After the tissue section is imaged and destained, it is permeabilized and then contacted with an array comprising a plurality of capture probes. Each capture probe comprises a spatial barcode and a poly(T) sequence that hybridizes to the poly(A) tail of an mRNA analyte in the tissue section, thereby capturing multiple mRNA analytes on the array. The captured mRNAs are then reverse transcribed into cDNAs and amplified using a suitable method described herein. As a result, a cDNA library for spatial gene expression analysis is constructed (final library from GEX spatial array).

Subsequently, hybridization and capture using bait sets are performed. Blocking oligos are hybridized to the analytes in the library to prevent the modification of the sequencing related locations, thus preventing downstream interference during sequencing applications. The library is then dried down for 2-4 hours in a speedvac, which allows samples to be dried under low pressure without heat. The biotinylated bait sets are added to hybridize with the library samples at 65 °C for 2 hours. The avidin- or streptavidin-coated beads are provided to capture the biotinylated bait set-sequence read complexes at 65 °C for 5 minutes. The avidin or streptavidin beads are washed at 65°C to remove any unbound sequence reads. In the alternative, biotinylated bait sets are added to hybridize with the library samples at 65 °C overnight (e.g., for at least 8 hours), and the avidin or streptavidin beads are washed at 60°C to remove any unbound sequence reads. PCR is performed for 15 minutes on the avidin or streptavidin beads to reamplify the targeted library (e.g., to amplify the sequence reads hybridized to the biotinylated baits and subsequently captured by the avidin or streptavidin beads), followed by SPRI cleanup for 15 minutes. The purified targeted library pool is then sequenced.

Example 4: Mouse tissues and neuro panel spatial transcriptomics

A mouse gliable panel of bait oligonucleotides was generated and targeted gene expression was performed on mouse brain tissue sections. Experiments were performed as described in the 10X Genomic Targeted Gene Expression-Spatial User Guide protocol, except mouse brain tissues were used in lieu of human tissue and mouse glia panel was used.

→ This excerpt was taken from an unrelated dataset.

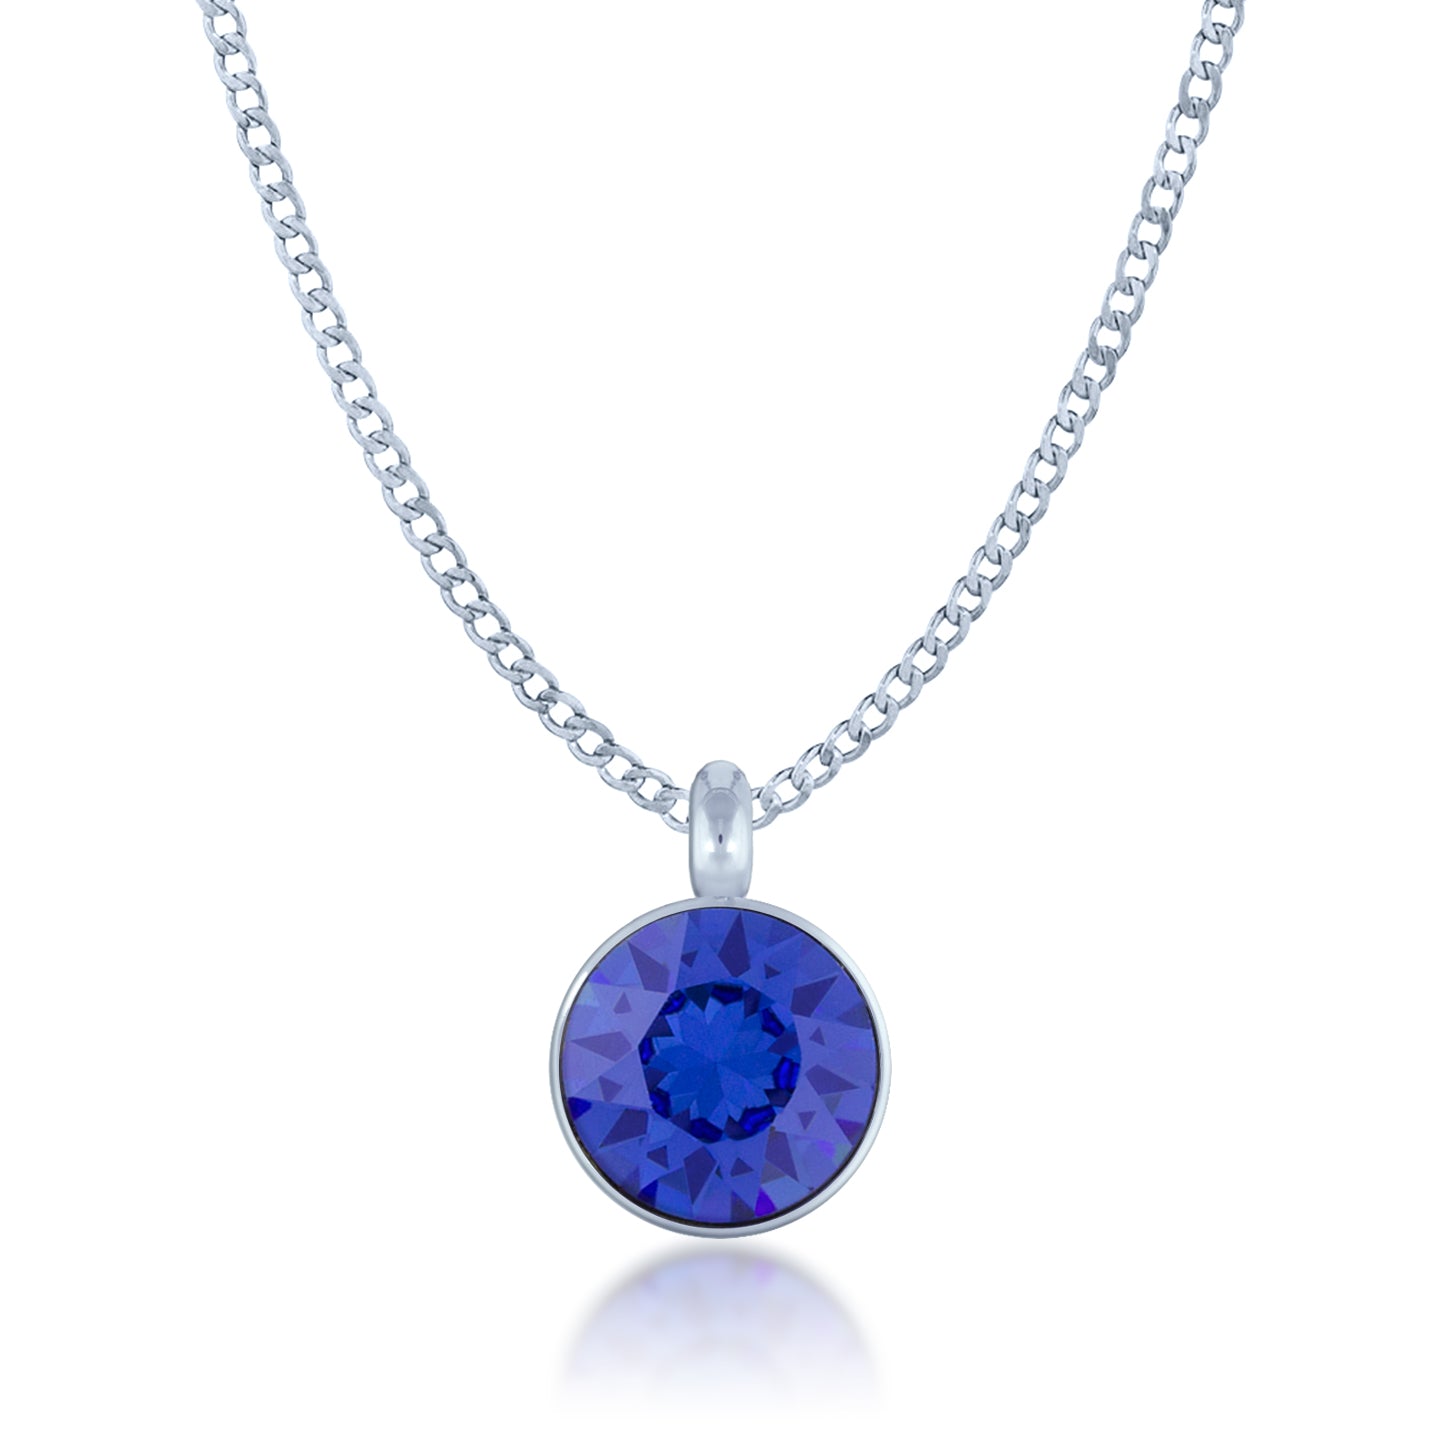 Bella Pendant Necklace with Blue Sapphire Round Crystals from Swarovski Silver Toned Rhodium Plated - Ed Heart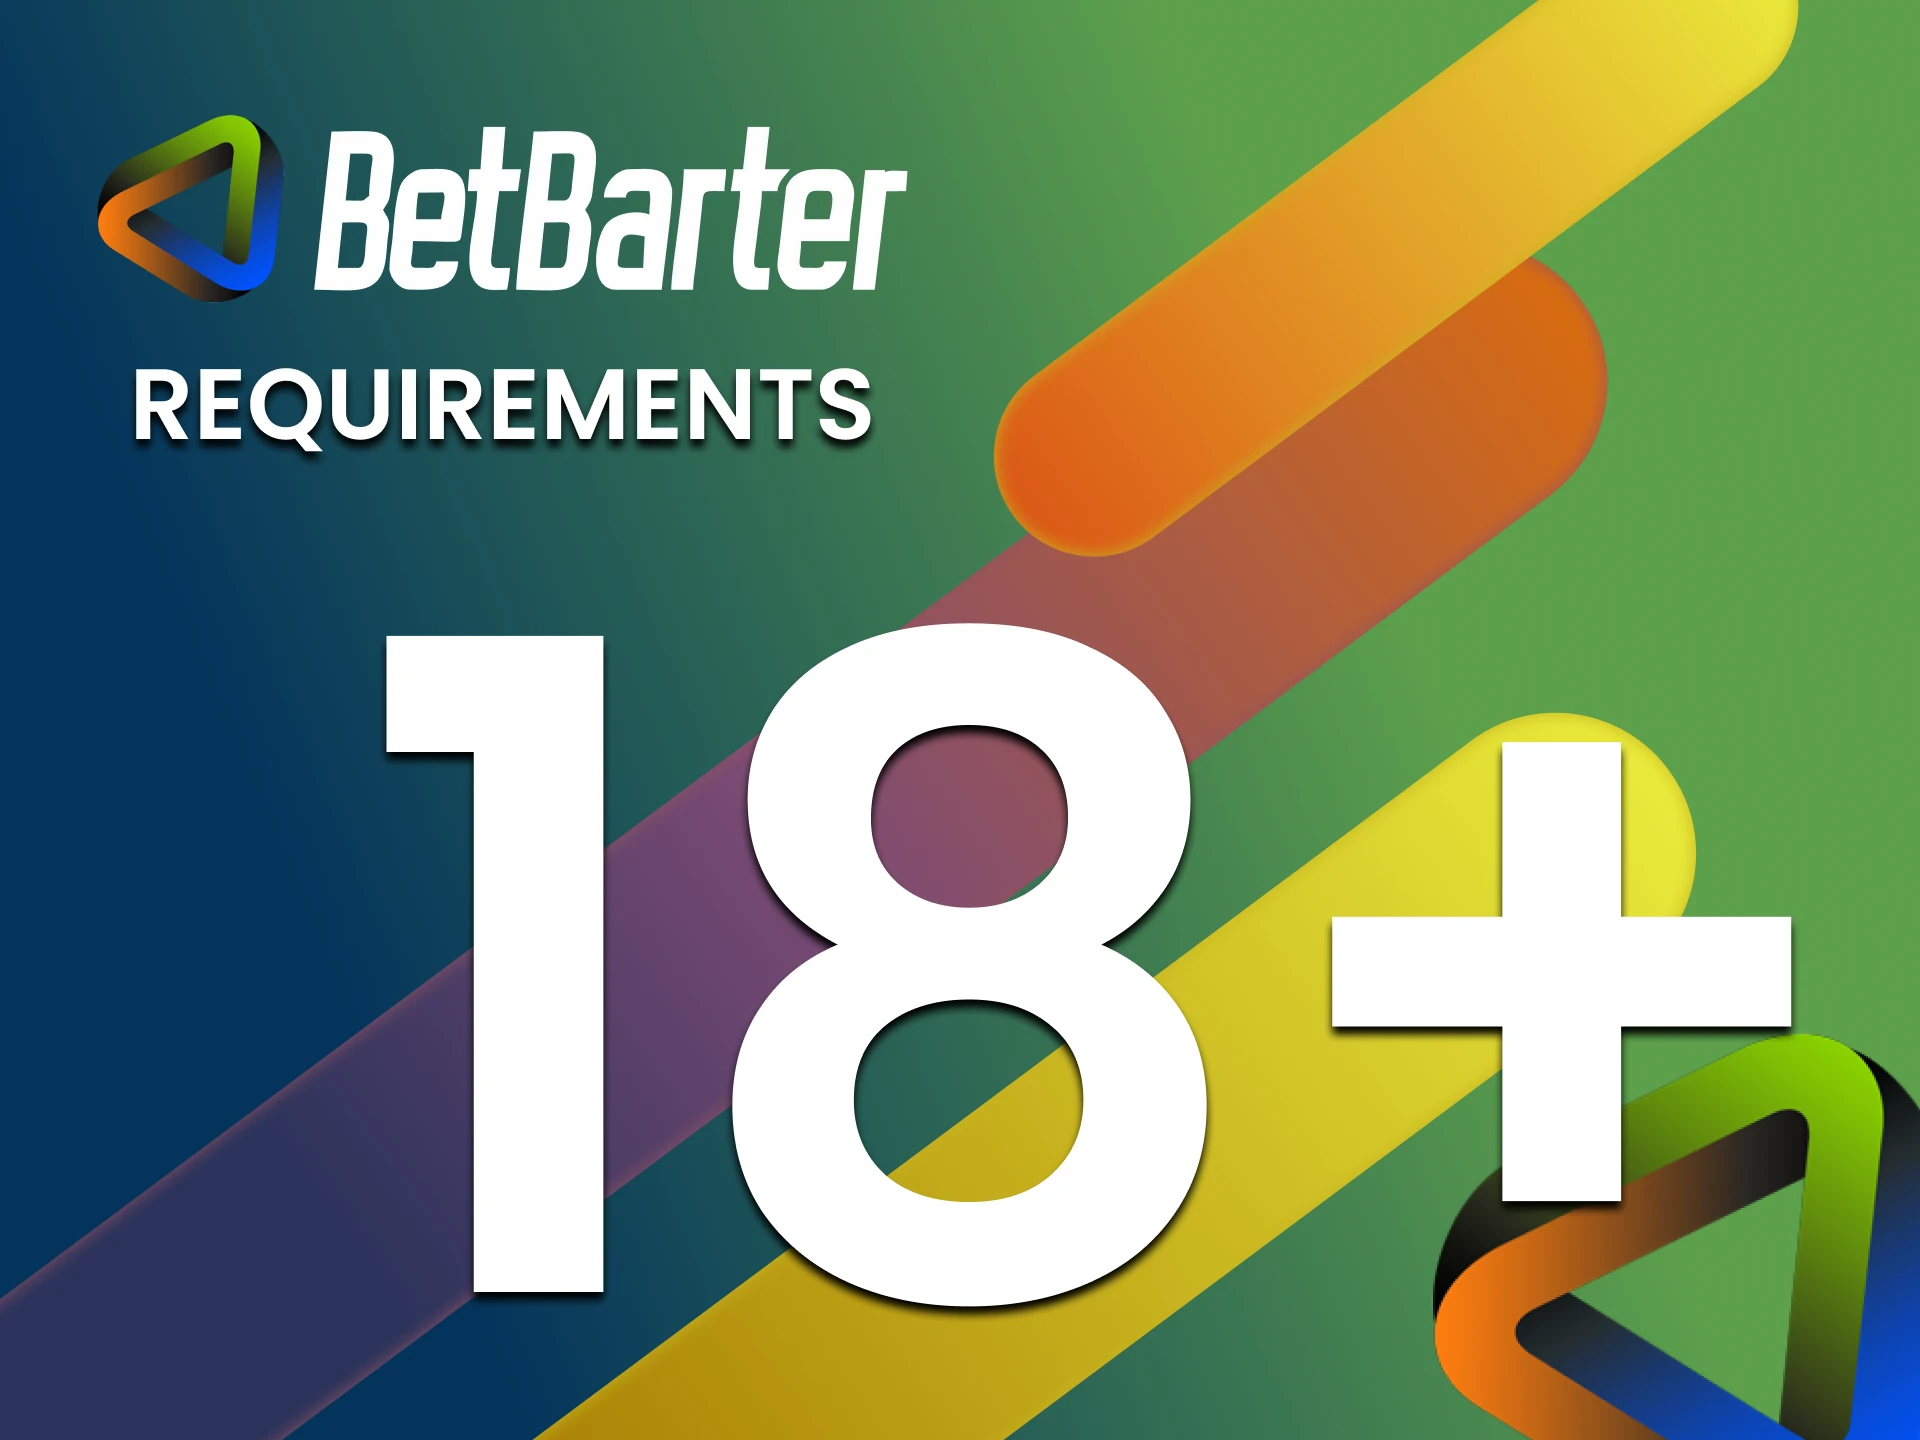 We will tell you about the requirements for registering on BetBarter.

A whole transcriptome panel (control) versus a targeted 65 neuro gene mouse glia panel was run on a Visium array. As seen in FIG. 11, there is very high quality UMI efficiency of recovery and retention of the spatial distribution of the control (Visium whole transcriptome assay) versus the targeted gene panel. FIGs. 12A-12B show pictorially the OLIG2 spatial gene distribution in the control library (FIG. 12A) as compared to the OLIG2 gene in the targeted gene panel library (FIG. 12B). For the control, there were approximately 72k reads/spot with 2211 UMI counts, whereas the targeted gene panel had approximately 3.5k reads/spot with 3315 UMI counts. OLIG2 gene encodes the oligodendrocyte transcription factor 2 which is expressed in oligodendroglial brain cells, and in humans OLIG2 gene is expressed in oligodendroglial tumors of the brain. The results demonstrate that the same methods for targeted gene expression enrichment can also be performed using mouse bait oligonucleotides in mouse tissue samples.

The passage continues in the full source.